Roscoe has been involved with aviation operations at various levels throughout his career, including a staff assignment at the Pentagon in Washington D.C., where he oversaw foreign military sales programs and security cooperation efforts with Mid-East and African countries. He was an operations group commander and then a wing commander where he ran two of the largest Department of Defense airports in the world. he also has 20 years in program management and strategic operations, with experience in stakeholder management, critical issues, risk mitigation, return on investment (ROI), and cross-functional integration.

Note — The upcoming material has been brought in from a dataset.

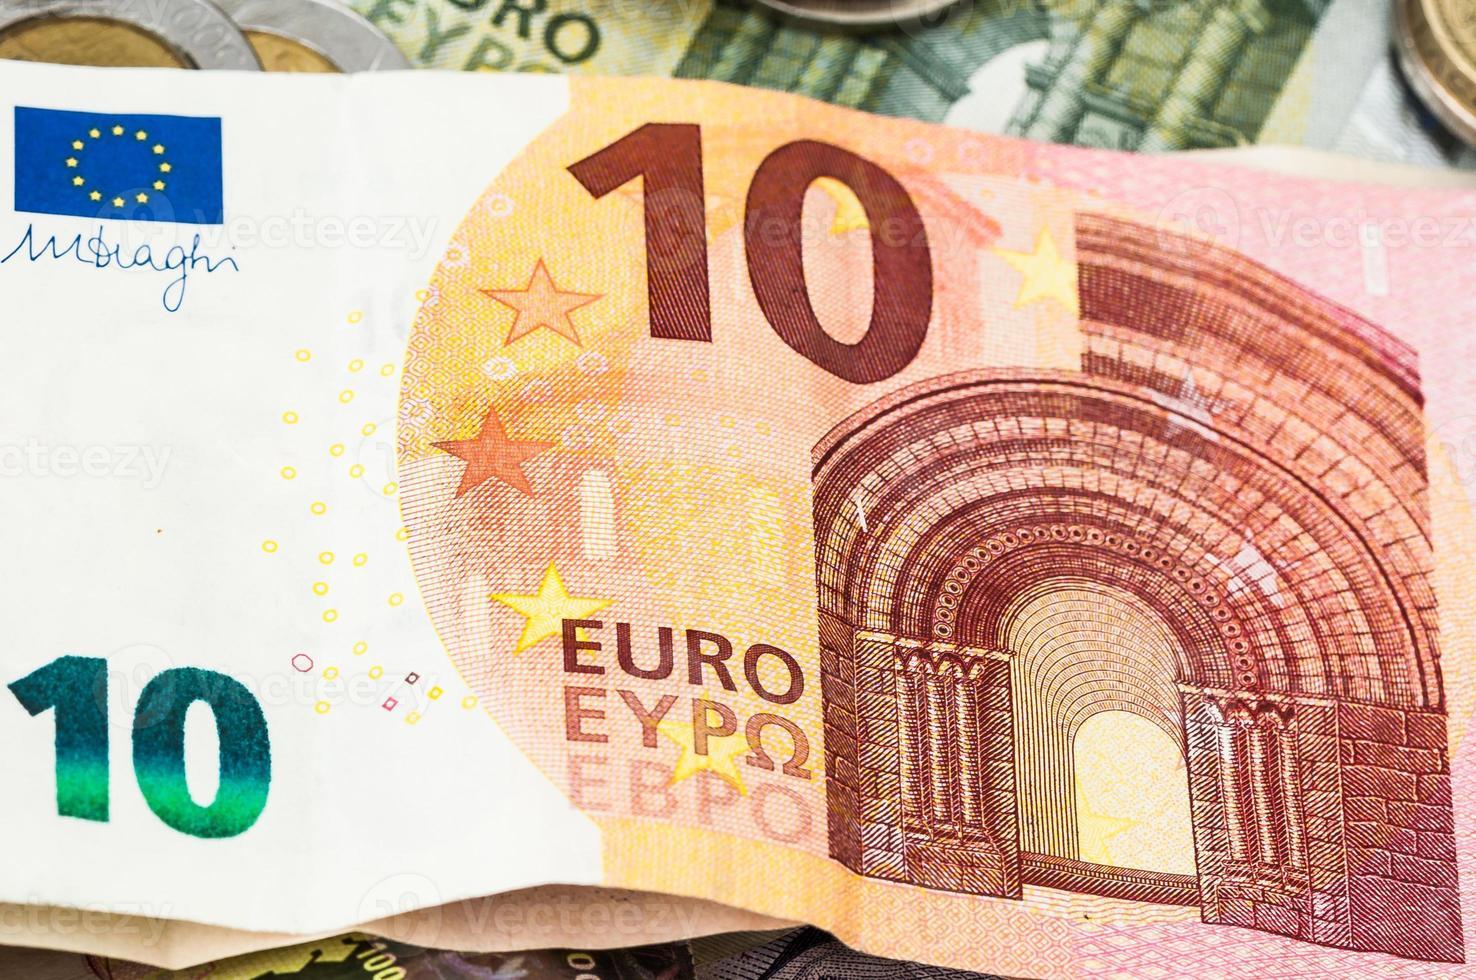 argent dix euro dollar bill pièces photo

Roscoe was born in Centralia, Pa., and graduated in 1988 from the United States Air Force Academy with a bachelor’s degree in Science. Roscoe also holds a master’s degree in human resources development degree and in strategic studies. He became a career pilot and has accumulated more than 4,400 hours in multi-engine aircraft.
Whitaker will manage the inspections and plan review services of the building safety division and provide a help source to other divisions such as planning and engineering and the fire department. He will also coordinate with local and state professional construction groups to ensure that Fayetteville is up-to-date and consistent with the administration of local building codes.
Whitaker comes to Fayetteville with an long career in municipal public service. He served the building codes department for the city of Little Rock in various positions for 18 years in positions that included plans examiner, plans examination administrator and deputy building official.
While in Little Rock, Whitaker also taught part-time in the ETAS Department of the University of Arkansas at Little Rock for 12 years, establishing and teaching a new senior level codes class as well as other construction classes. He has also served as the senior project construction manager for the Arkansas Department of Education, which involved all new construction for grades K-12; overseeing and determining construction project funding, code compliance to applicable fire, building and PME regulations; and site visits for compliance on approved construction plans.
Whitaker has also served on the International Code Council (ICC) National Storm Shelter committee and helped publish the inaugural edition of the ICC 500, which is considered the premiere guidebook of Storm Shelter Design. In 2005 he traveled to Russia and met with civic leaders in Moscow, including the Vice Deputy Minister and Department Heads and gave a presentation on the I-codes. Similar presentations were also made in Novosibirsk, Siberia, and St. Petersburg.